Each Installment Payment for any Installment Payment Period shall be computed on the basis of a 360-day year of twelve 30-day months. If an Installment Payment is payable for any period shorter than a full Installment Payment Period, such Installment Payment shall be computed on the basis of the actual number of days elapsed per 30-day month. Furthermore, if any date on which an Installment Payment is payable is not a Business Day, then payment of the Installment Payment on such date shall be made on the next succeeding day that is a Business Day, and without any interest or other payment in respect of any such delay. Installment Payments shall be paid to the Person in whose name the Note is registered, with limited exceptions as provided in the Indenture, at the close of business on the Business Day immediately preceding the related Installment Payment Date (each, a “ Regular Record Date ”).
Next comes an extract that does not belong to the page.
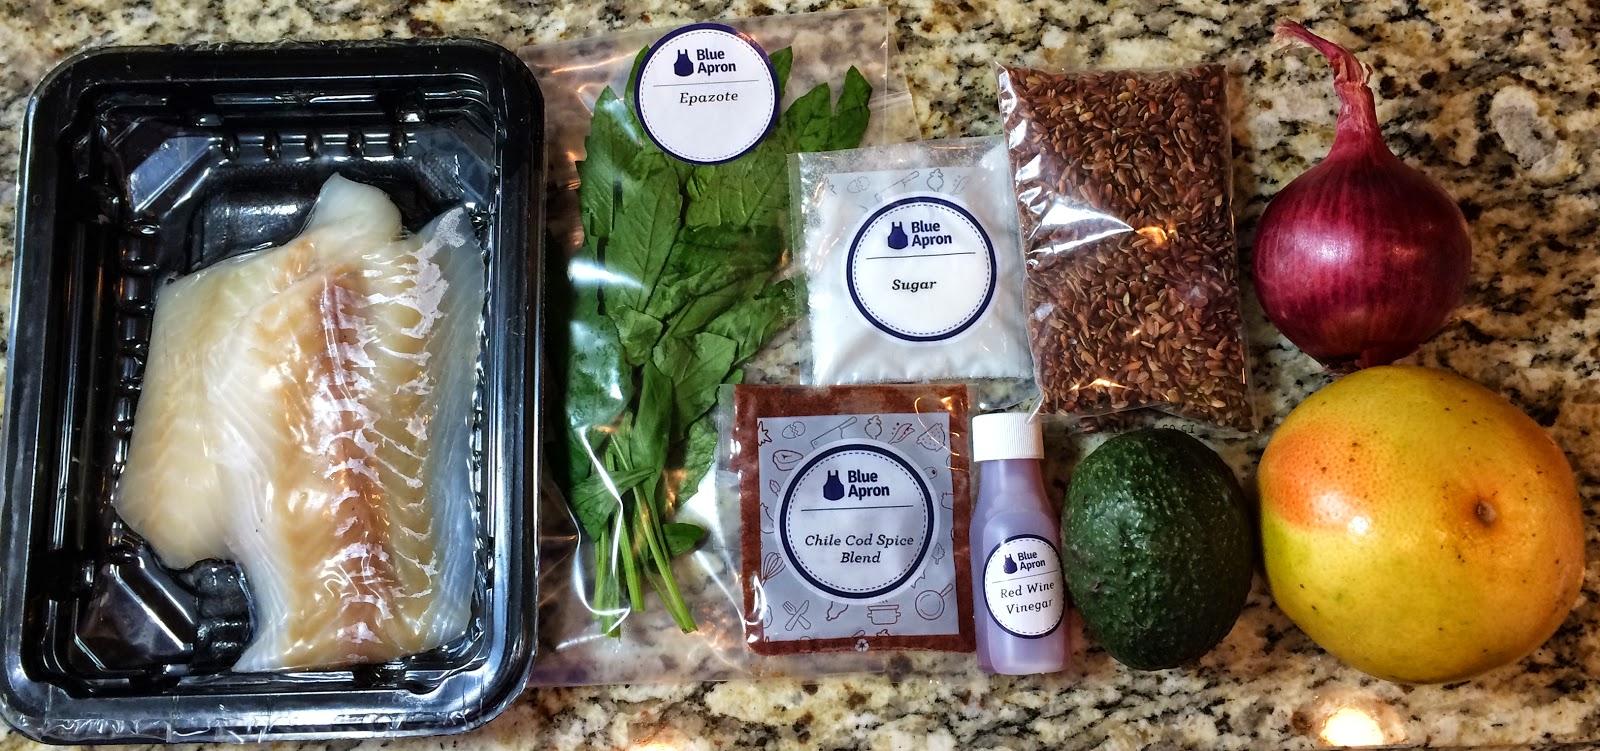 Blue apron lentil spice blend - Blue Skies For Me Please Blue Apron Subscription Box Review Part 16 17 18 And Giveaway

If the Notes do not remain in book-entry only form, the Company shall have the right to elect that each Regular Record Date shall be each March 1, June 1, September 1 and December 1 immediately preceding the relevant Installment Payment Date by giving advance written notice to the Trustee and the Holders. Installment Payments shall be payable (x) in the case of any Certificated Note, at the office or agency of the Company maintained for that purpose in the Borough of Manhattan, The City of New York; provided , however , that payment of Installment Payments may be made at the option of the Company by check mailed to the registered Holder at such address as shall appear in the Security Register or (y) in the case of any Global Note, by wire transfer in immediately available funds to the account of the Depositary or its nominee or otherwise in accordance with applicable procedures of the Depositary.

This Note shall not be entitled to any benefit under the Indenture hereinafter referred to or be valid or obligatory for any purpose until the Certificate of Authentication shall have been manually signed by or on behalf of the Trustee.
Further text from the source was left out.